December 3, 2022
Jupiter will be closer to Earth and be very luminous;  how to watch

Jupiter will be closer to Earth and be very luminous; how to watch

a September It comes to an end with a key – astronomical – of gold. One of the most anticipated cosmic events will occur on Sunday (25th): the opposition of Jupiter, which will be very luminous and also closest to Earth this century.

It is a perfect opportunity to observe the planet, either with the naked eye or with telescopes, and above all, to make beautiful recordings.


The paradox occurs when a celestial body is placed on the opposite side of the Sun (relative to the Earth, which is between the two bodies).

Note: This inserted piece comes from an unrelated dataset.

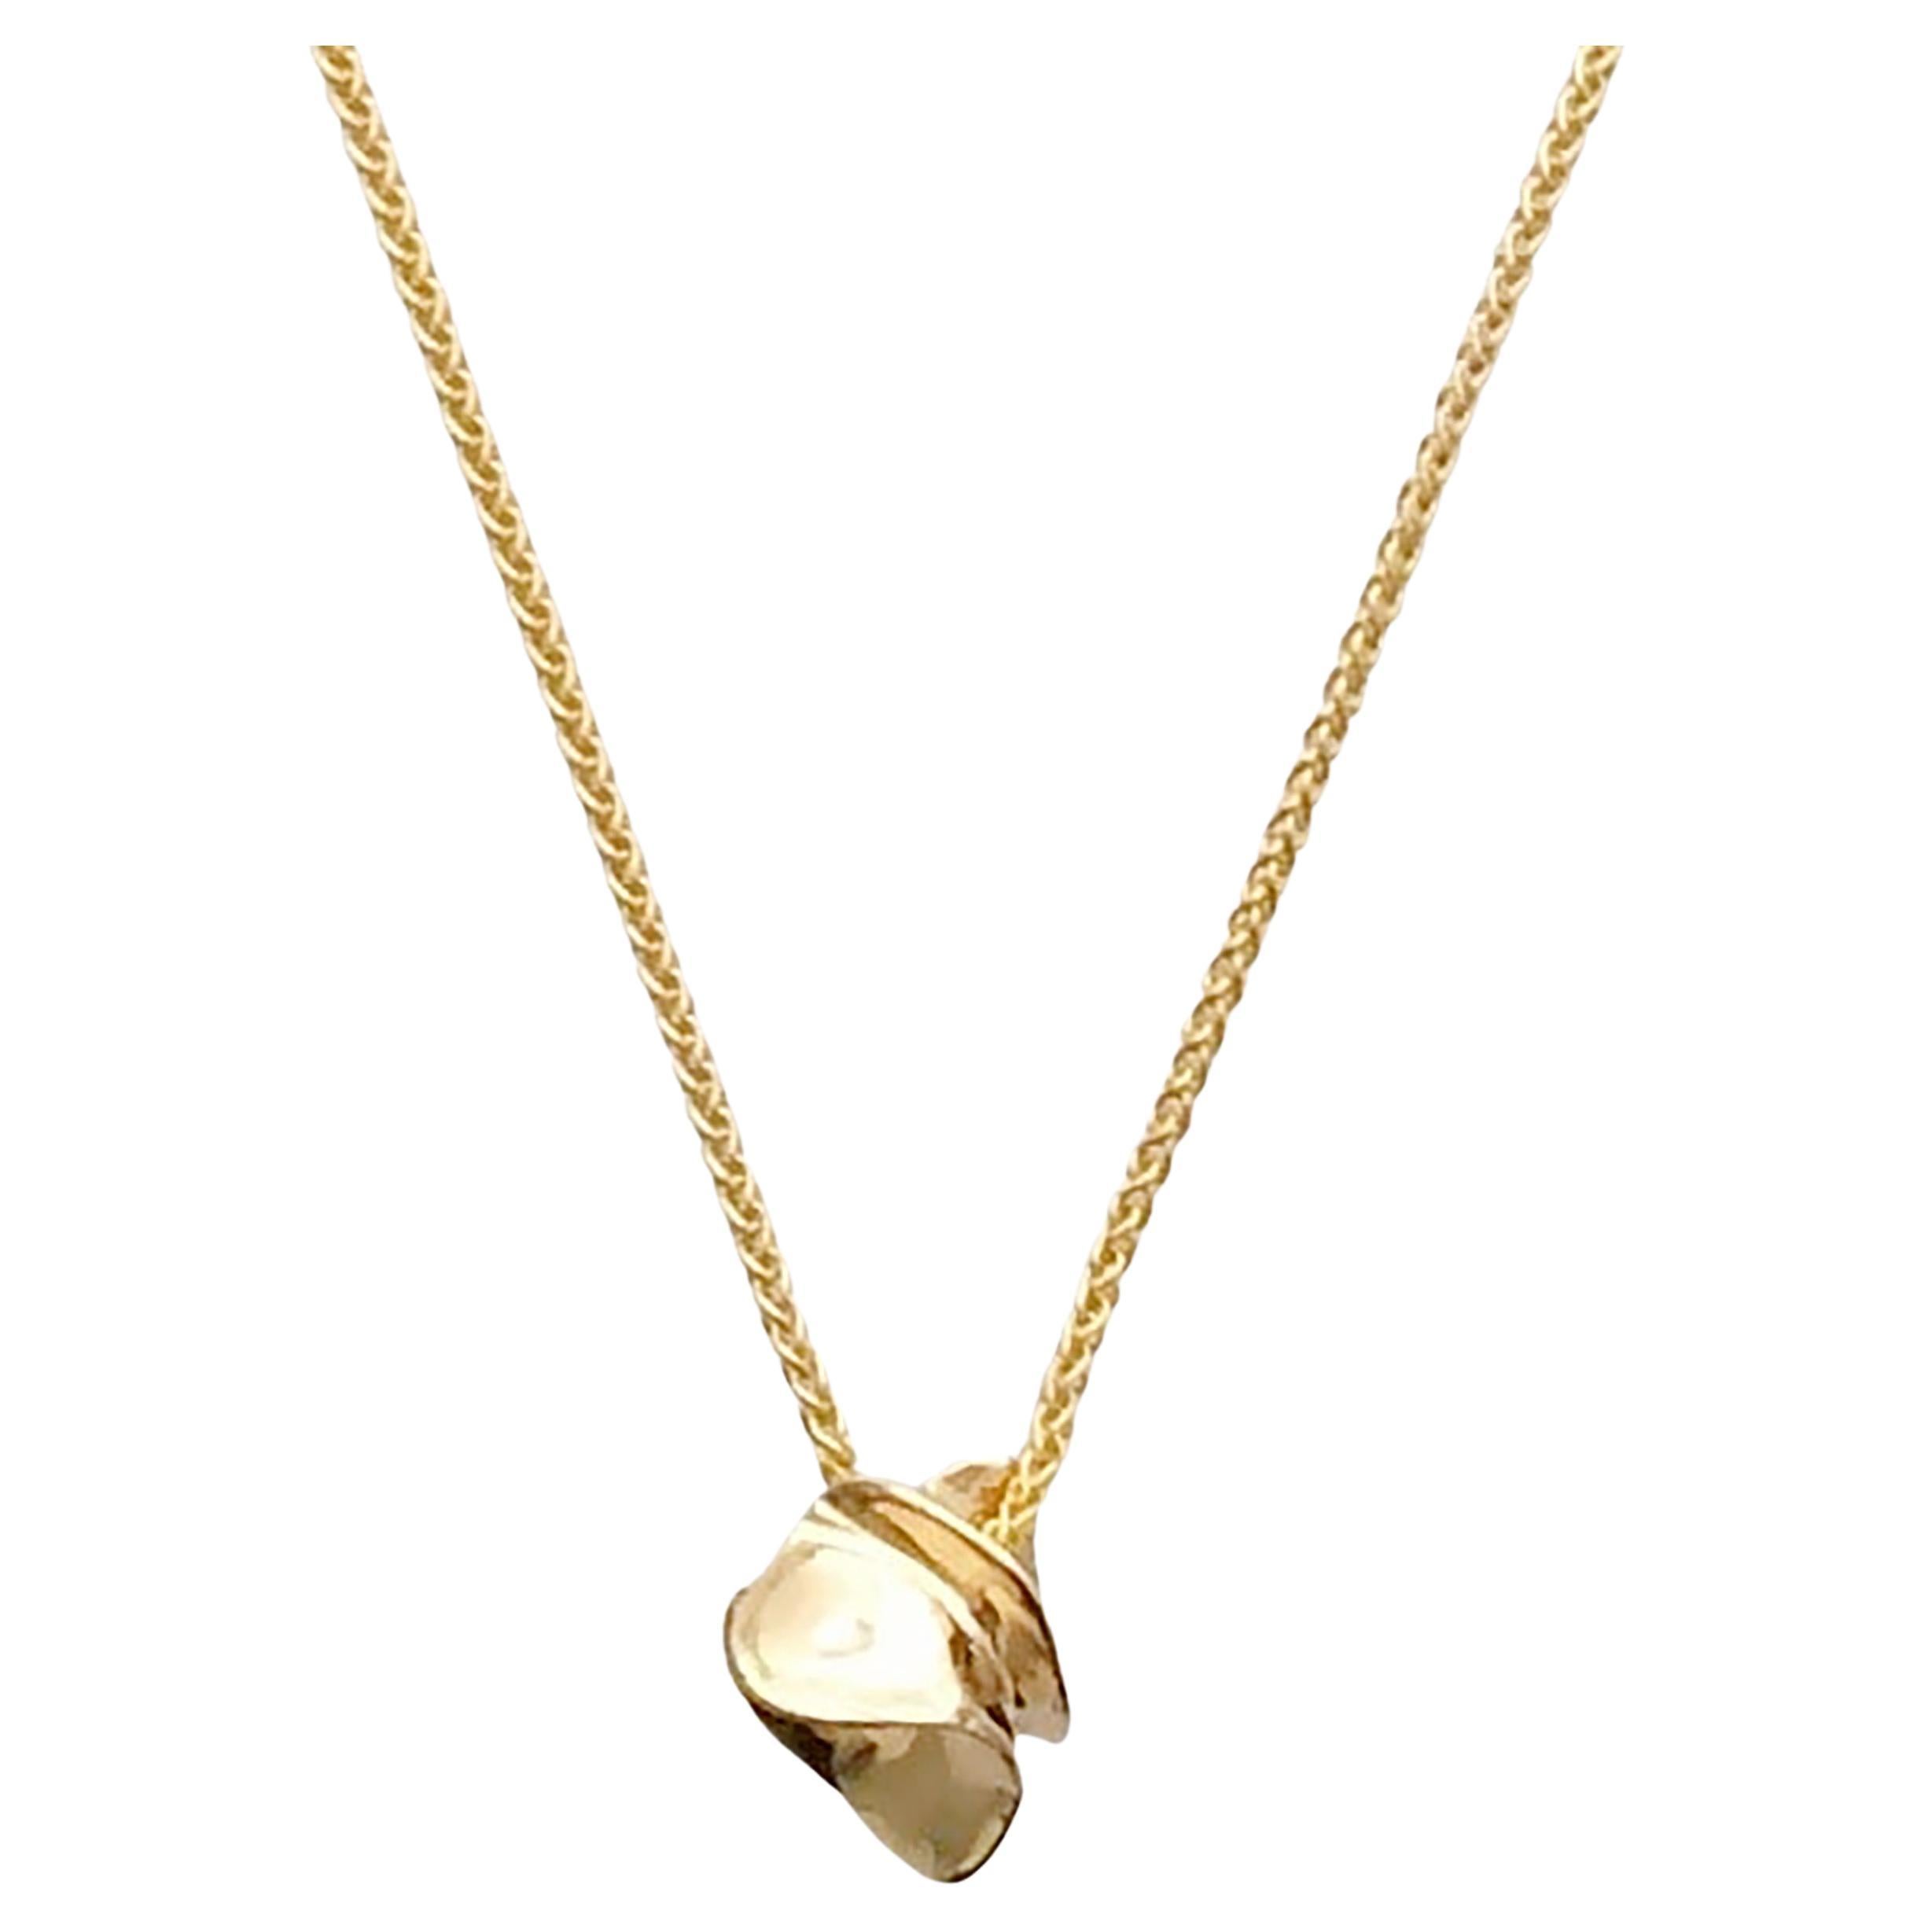 Sculptural Form Contemporary Necklace 14K Gold with Wheat Chain For Sale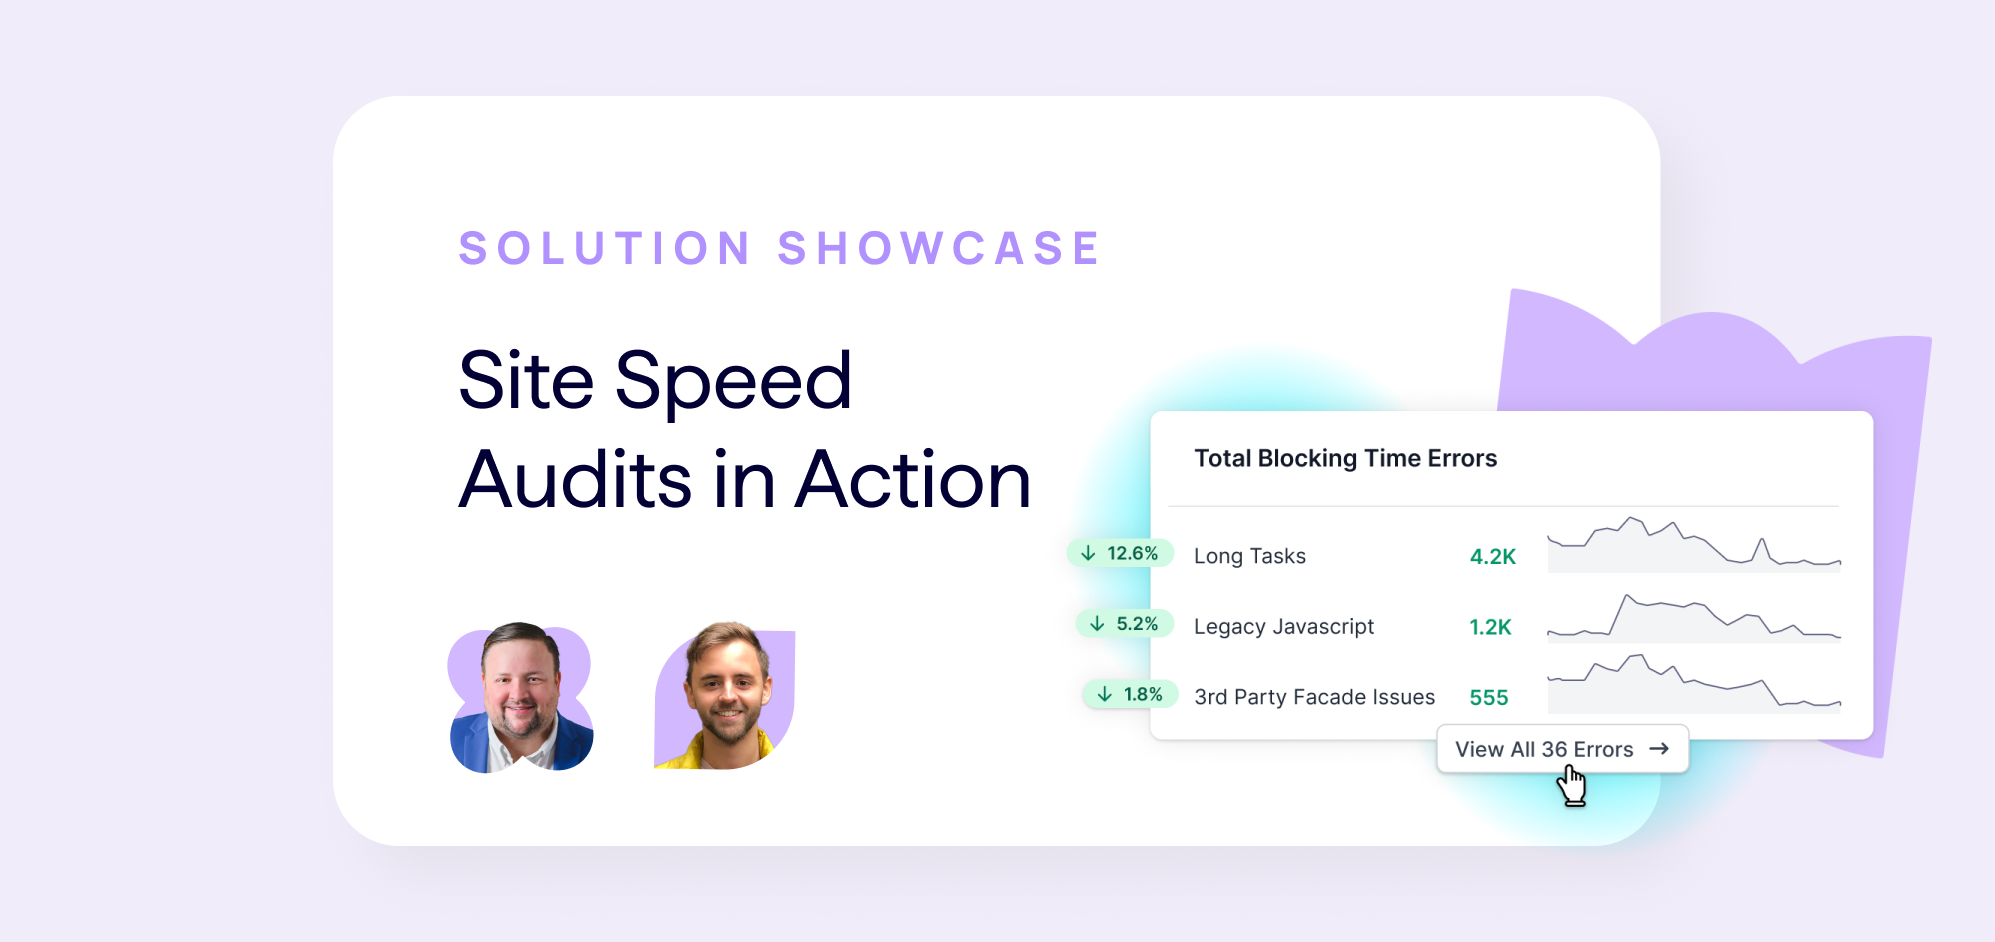 Lumar SEO Webinar - Solutions Showcase - Site Speed Audits in Action - Banner shows photos of webinar speakers and site speed metrics example

This is often the best time to observe any planet.

What makes this opposition even more special is that in September, Jupiter also made its closest approach to Earth in the 21st century, being “only” 590.3 million km away from us.

Its entire visible face will be illuminated by the Sun, shining with a power of about -3 (for comparison, Venus shines at -5 and the Moon at -13).

As a result, you will look older and brighter than at any other time in the last 22 years.

Jupiter was captured by the James Webb Space Telescope with its faint rings and moons

Photo: NASA, ESA, CSA, Jupiter ERS Team

How do you monitor?

On the 25th of the month, Jupiter will be visible from early evening until dawn, sweeping across the sky.

about 18:30, rising in the east (against sunset); About 5:30 a.m., it sets west.

The best times to observe are between these two periods, with the planet high in the sky.

With the Moon “out”, in its nova phase, and Venus only appearing in the morning, Jupiter will be the brightest object in the night sky.

It shouldn’t be hard to find. To the naked eye, it looks like a large, pale yellow star.

If you are having trouble locating, use File Site or Application astronomy (as SkywalkAnd the start tableor Sky Safari or stellarium).

It’s the best time to photograph the planet, revealing its stunning distinctive details – such as its colorful cloud bands and the four largest of its 79 moons (ioEurope, Ganymede and Callisto).

With the help of binoculars or a telescope, the sight becomes clearer and more surprising.

The event can be seen from anywhere in Brazil, if the sky is clear. The next few days are also great opportunities to watch.